Results 1 to 4 of 4

Thread: Salt dough

  1. #1
    Join Date
    May 2005
    Posts
    321
    Thanked: 3

    Angry Salt dough

    Hi, everyone - thought there might be somebody on here who could help me with a problem I'm having.

    I have to make a salt dough head for art coursework, but I'm having a LOT of trouble with it.
    I made it using 1 cup of salt for every 3 cups of flour, and just added water til it was the right consistency.

    However, because it's quite a large, heavy ball of dough, every time I put it down the bottom becomes flat. Like I said, it needs to be a head so the back/bottom has to be rounded. I've now made it the smallest it can possibly be without becoming impossible to add facial details, but it still seems to be too heavy.
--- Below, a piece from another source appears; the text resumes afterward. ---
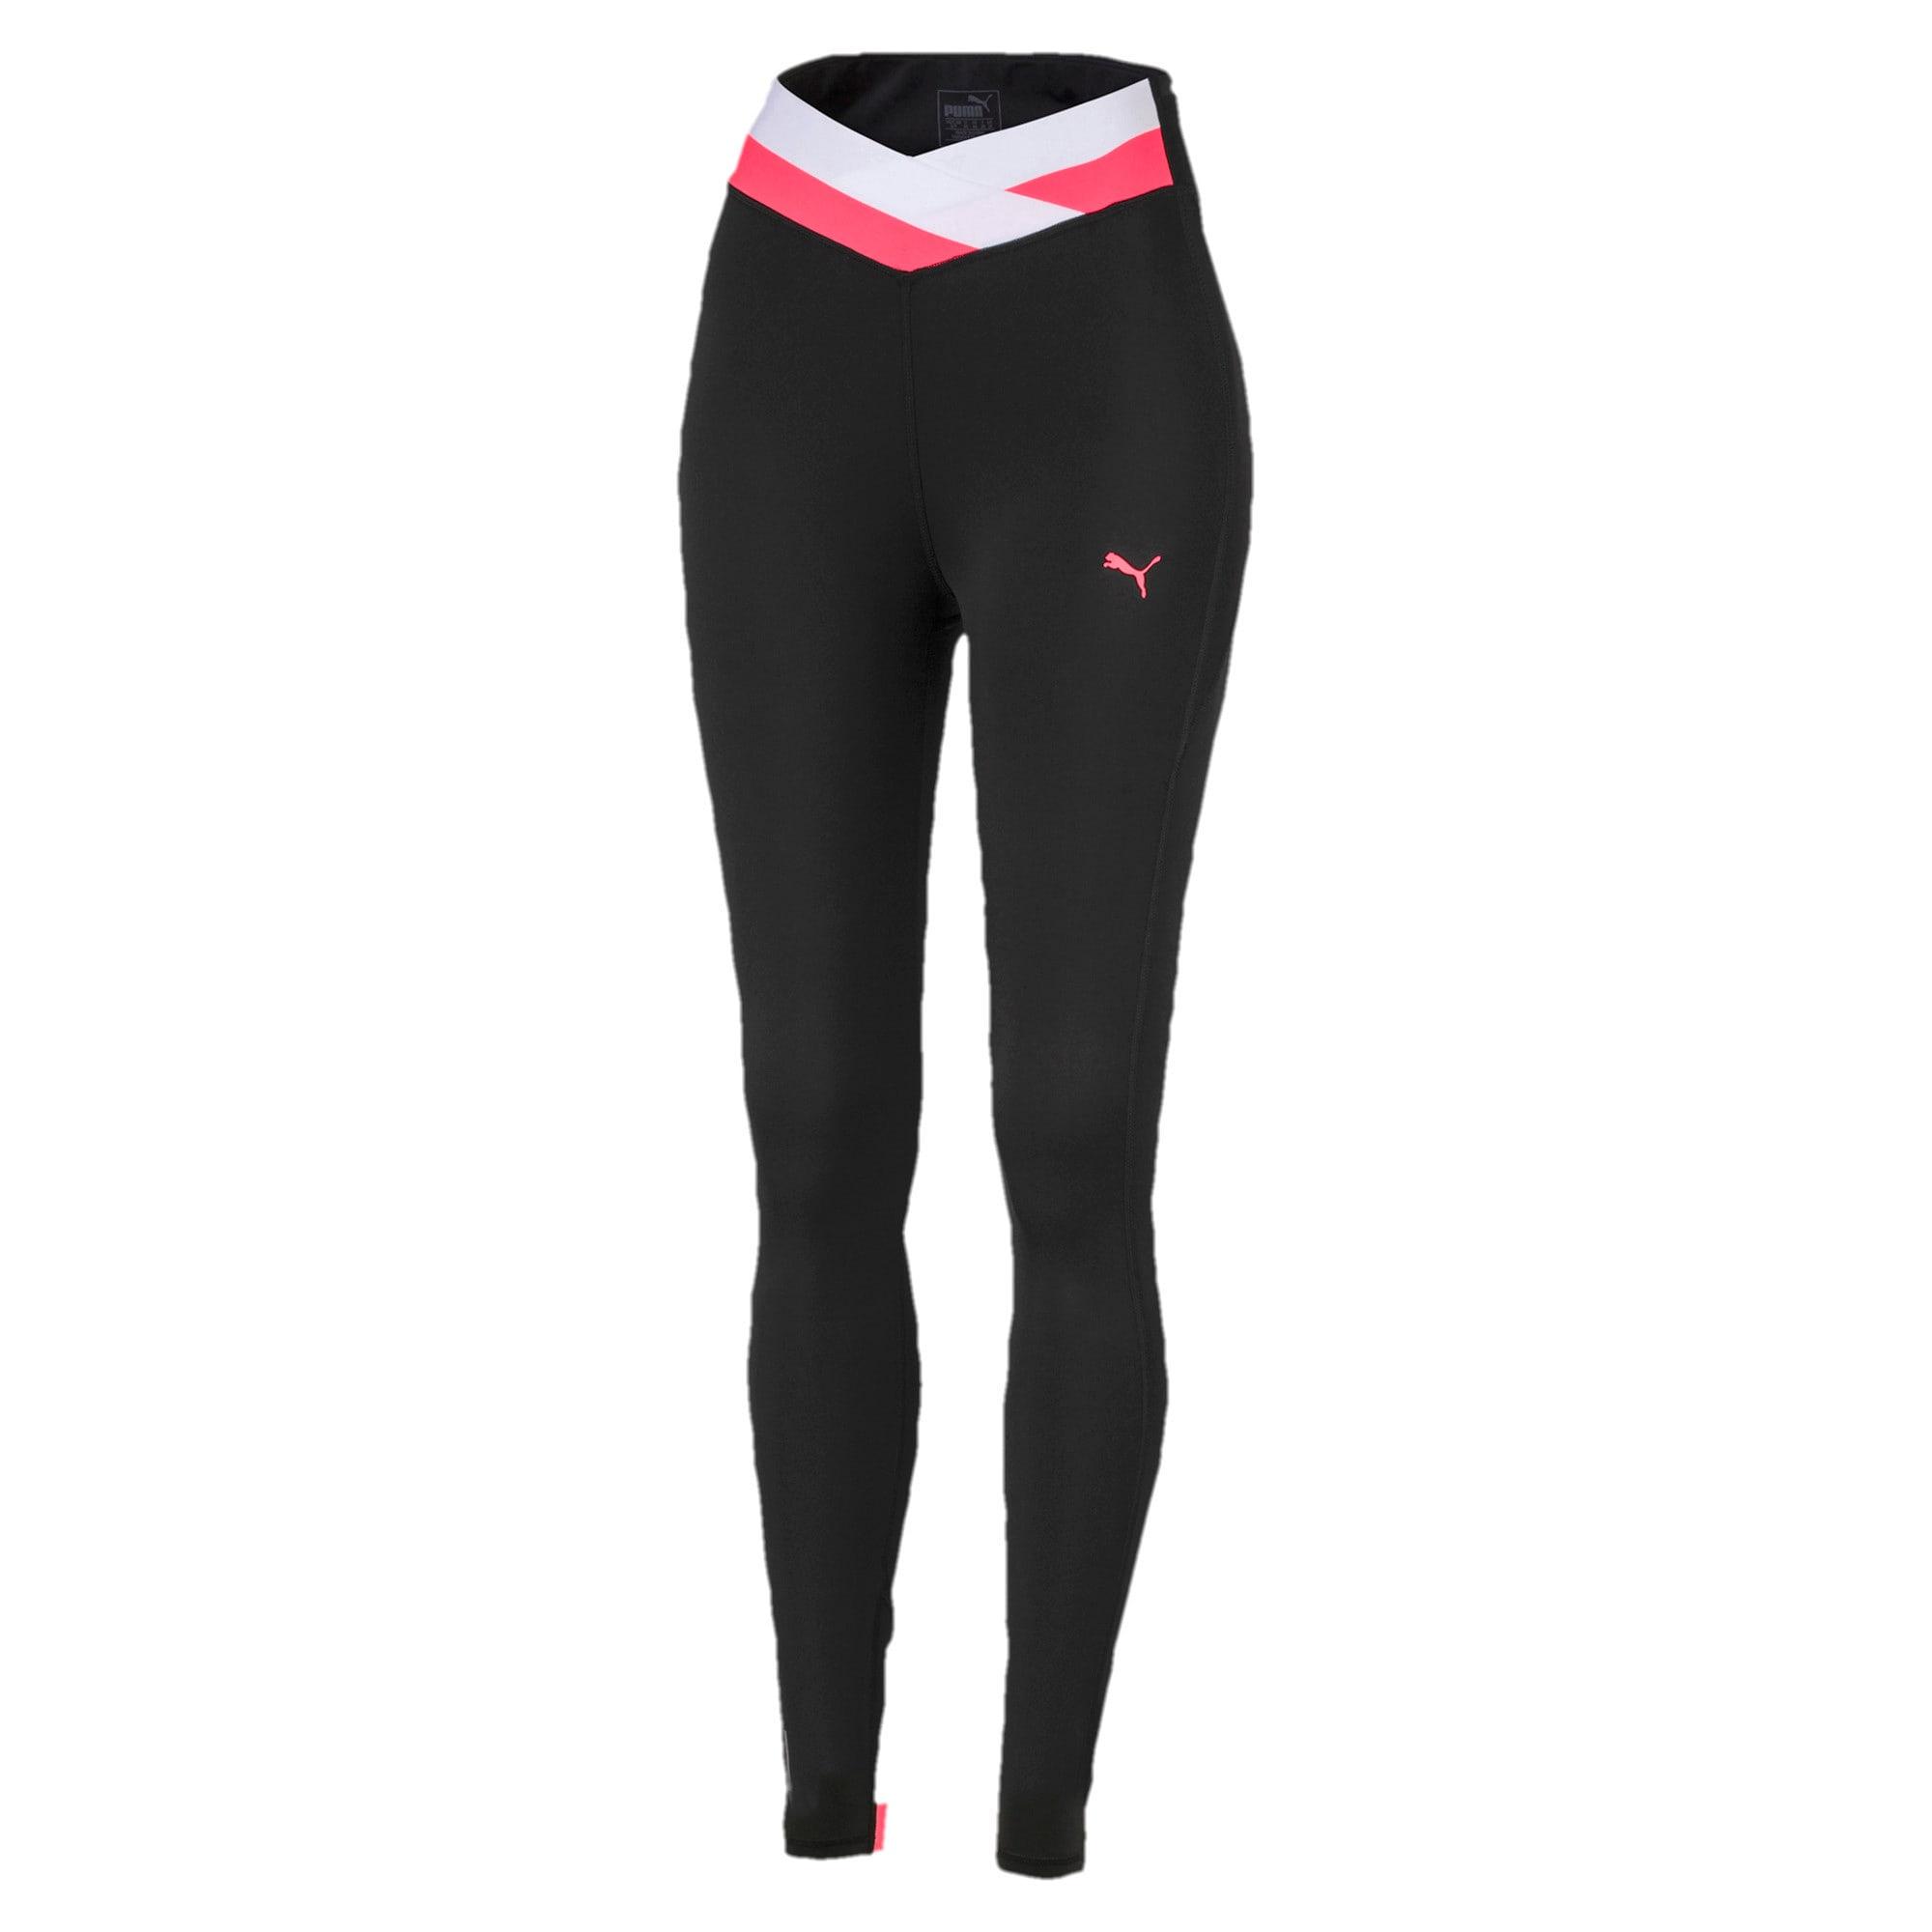 Thumbnail 4 of HIT Feel It 7/8 Women's Training Leggings, Puma Black-Pink Alert, medium-IND

    I am going to place it on salt dough shoulders, but I really want to get the face down now because it will be very difficult to do if the head's not flat. Also, when I do put it on shoulders I'm certain the chin area will just sink into the shoulders.
    I moulded a nose last night, but when I checked it this morning it had disappeared - everything seems to be sinking into it like quick-sand!

    So would really like to know how I could make it:

    A) Easier to scrape details like wrinkles into it (at the moment it sort of crumples up, in the same way you'd expect normal cookie dough to - the tool doesn't glide through smoothly like it would in clay).

    B) Stay even slightly rounded underneath!

    I've already got annoyed with it and destroyed it once...
    Thanks!

  2. #2
    Join Date
    Sep 2005
    Location
    Staffordshire
    Posts
    9,774
    Thanked: 1485
    Maybe put more flour in? I know that when making cakes flour makes the mixture thicker.

  3. The Following User Says Thank You to Abigail For This Useful Post:

    laurouski (03-09-2007)

  4. #3
    Join Date
    Feb 2005
    Posts
    3,171
    Thanked: 314
    Can you make a hollow head? Maybe using a small baloon as a template like you would in paper mache?

    I would suggest making the dough softer for better malleability.

    http://www.multihobbies.com/saltdough/recipes.htm

    An alternative receipe is here ^ , maybe you could try that one?
    Last edited by Trinity; 03-09-2007 at 13:42.

  5. The Following User Says Thank You to Trinity For This Useful Post:

    laurouski (03-09-2007)

  6. #4
    Join Date
    May 2005
    Posts
    321
    Thanked: 3
    Thanks, you guys!

    In the end I did make it hollow (stuffed with newspaper underneath a layer of aluminium foil) - why is it things always come to you just after you've decided to ask for help?!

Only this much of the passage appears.